Lead looked back to Terence, the old man’s argument made his fearful.

“The Book says the Anti-Christ will speak of blasphemes,” Lead said.

“The Book says a lot of things, but if I were the Anti-Christ I sure as hell wouldn’t be strapped to a log floating down the Colorado fearing the bullet of a man who may or may not be tracking us down this river.” Terence shifted to get a better hold of his knapsack. “Believe me or don’t. Just consider my words, Preacher.”

Lead was silent again. The men continued floating past the remains of homes and the remnants of civilized life.

Lead woke to the stars and navy blue of the early evening sky. Terence was hauling them up a gravel shore. In the distance the winds of the Storm Border whipped trees and cracked stones over boulders.

“Stay put,” Terence said. He untied his knapsack and disappeared into the brush.

Lead lay on his back. He ran his hands over river stones. The waters had cooled his fever. His body was still strange and unbalanced, but the fear that he would die was gone. Lead smiled at the stars. He would live. He would continue on. The sky’s light ebbed and locusts chirped their songs from the brush. Lead lay still. The river stones and his drenched coat soothed his fevered skin.
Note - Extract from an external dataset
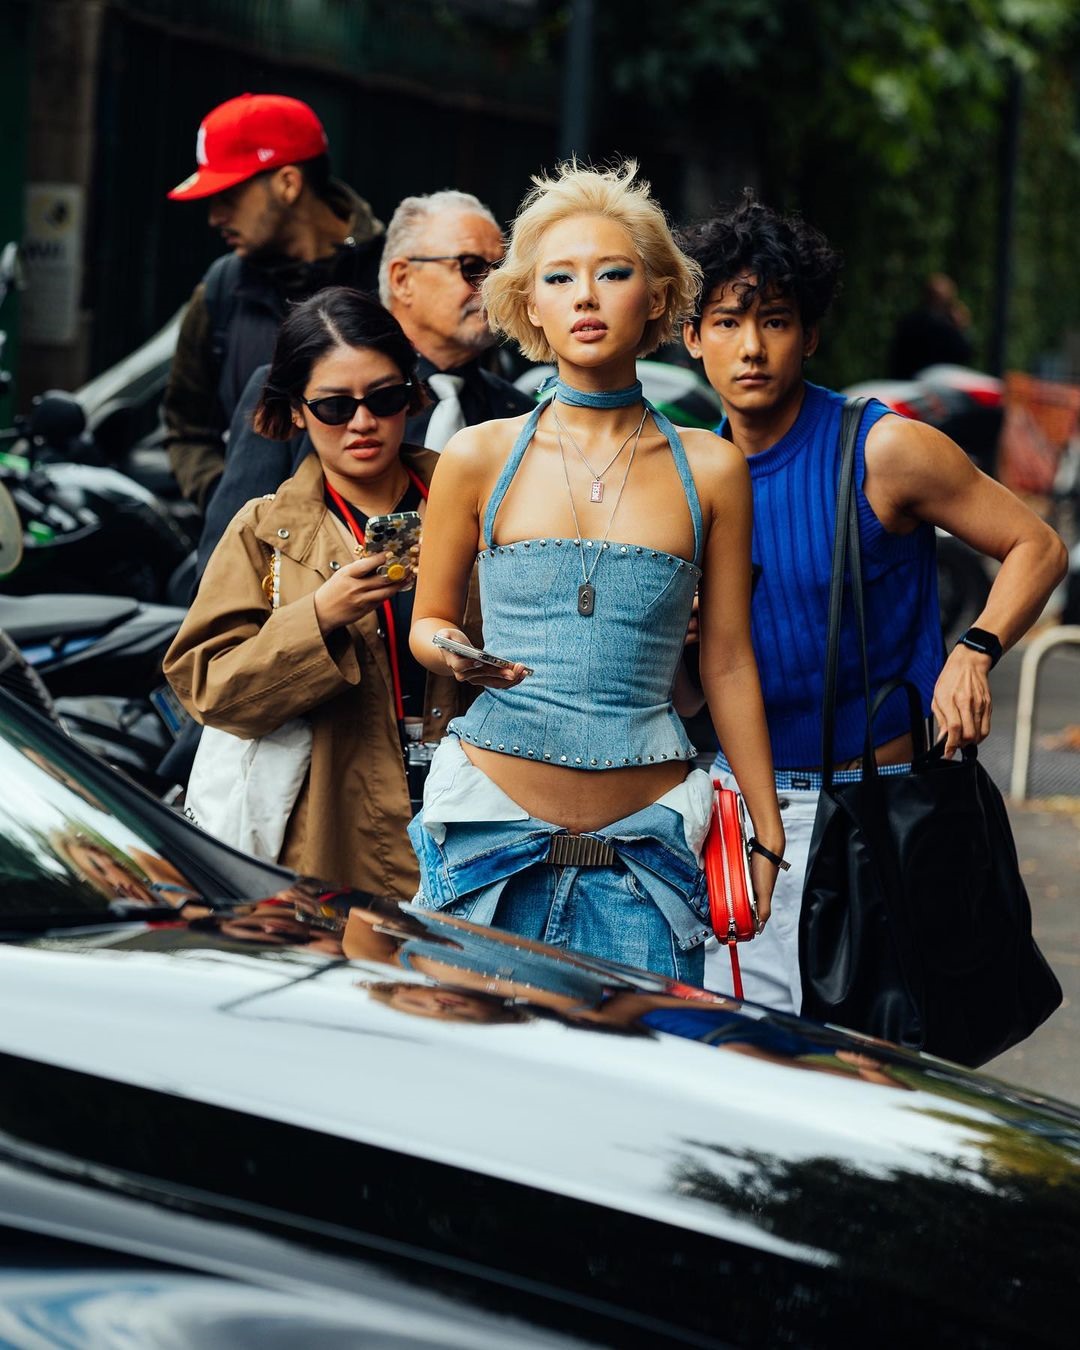 Trong khuôn khổ của Tuần lễ Thời trang Milan năm nay, fashionista Khánh Linh (Cô Em Trendy) là một trong những gương mặt đại diện Việt Nam xuất hiện tại đây. Ngay từ khi công bố thông tin sẽ tham gia “Milan Fashion Week”, nhiều fan của nàng fashionista đã rất hào hứng vào sự xuất hiện của Cô Em Trendy. Ảnh: NSCC.
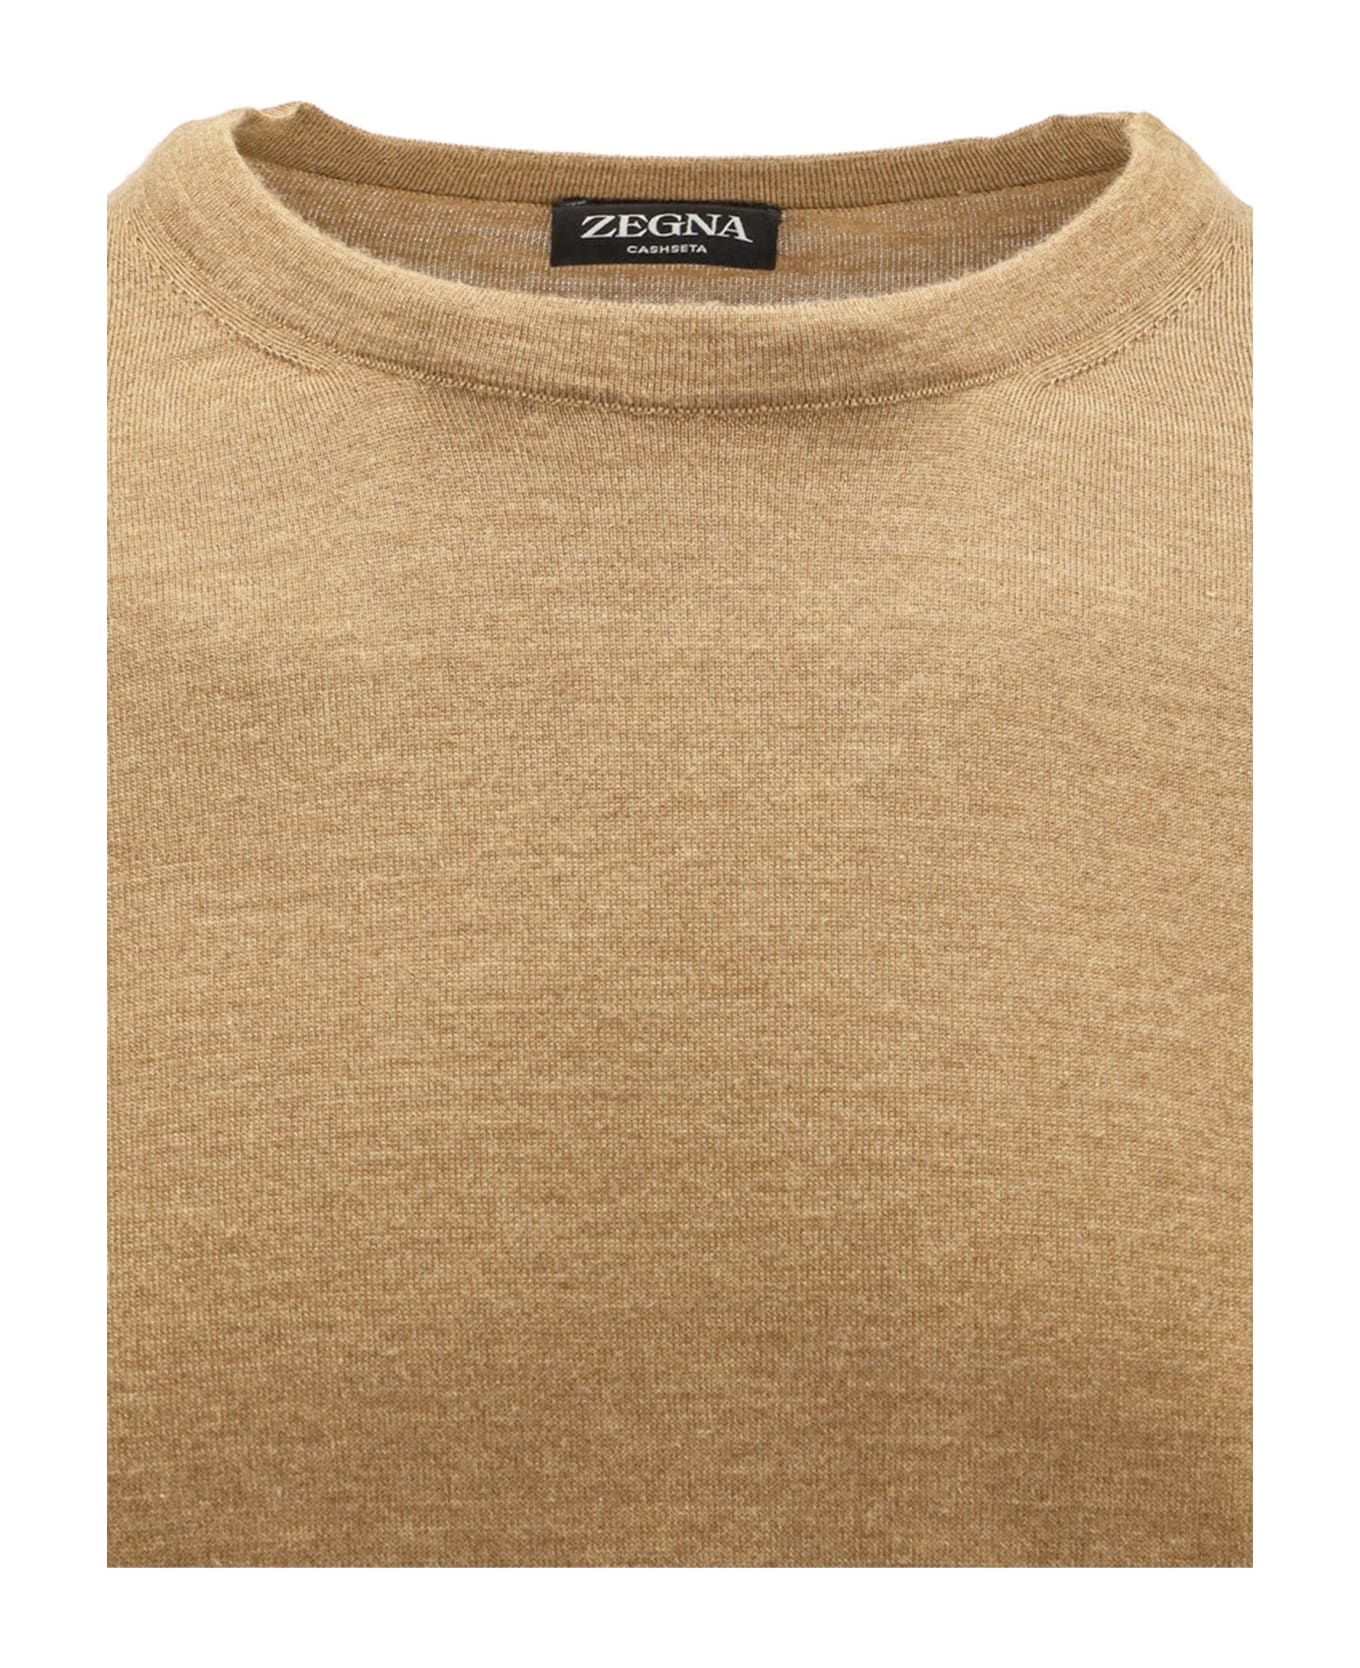 Zegna Sweater - Brown ニットウェア

The locusts filled night with their alien callings.

Lead woke on a bed that shifted and rolled with his weight. His eyes scanned a room of white-washed walls and boarded-up windows. Cotton sheets scratched his skin. A lanky, gray-haired stranger stared at him from across the room. His were eyes hidden behind reflective lenses.

“Hi, uh, good morning,” the man said nervously, shifting his weight from one foot to the other.

The man’s glasses sagged slightly on his face. The frames were squared off and wound with adhesive tape.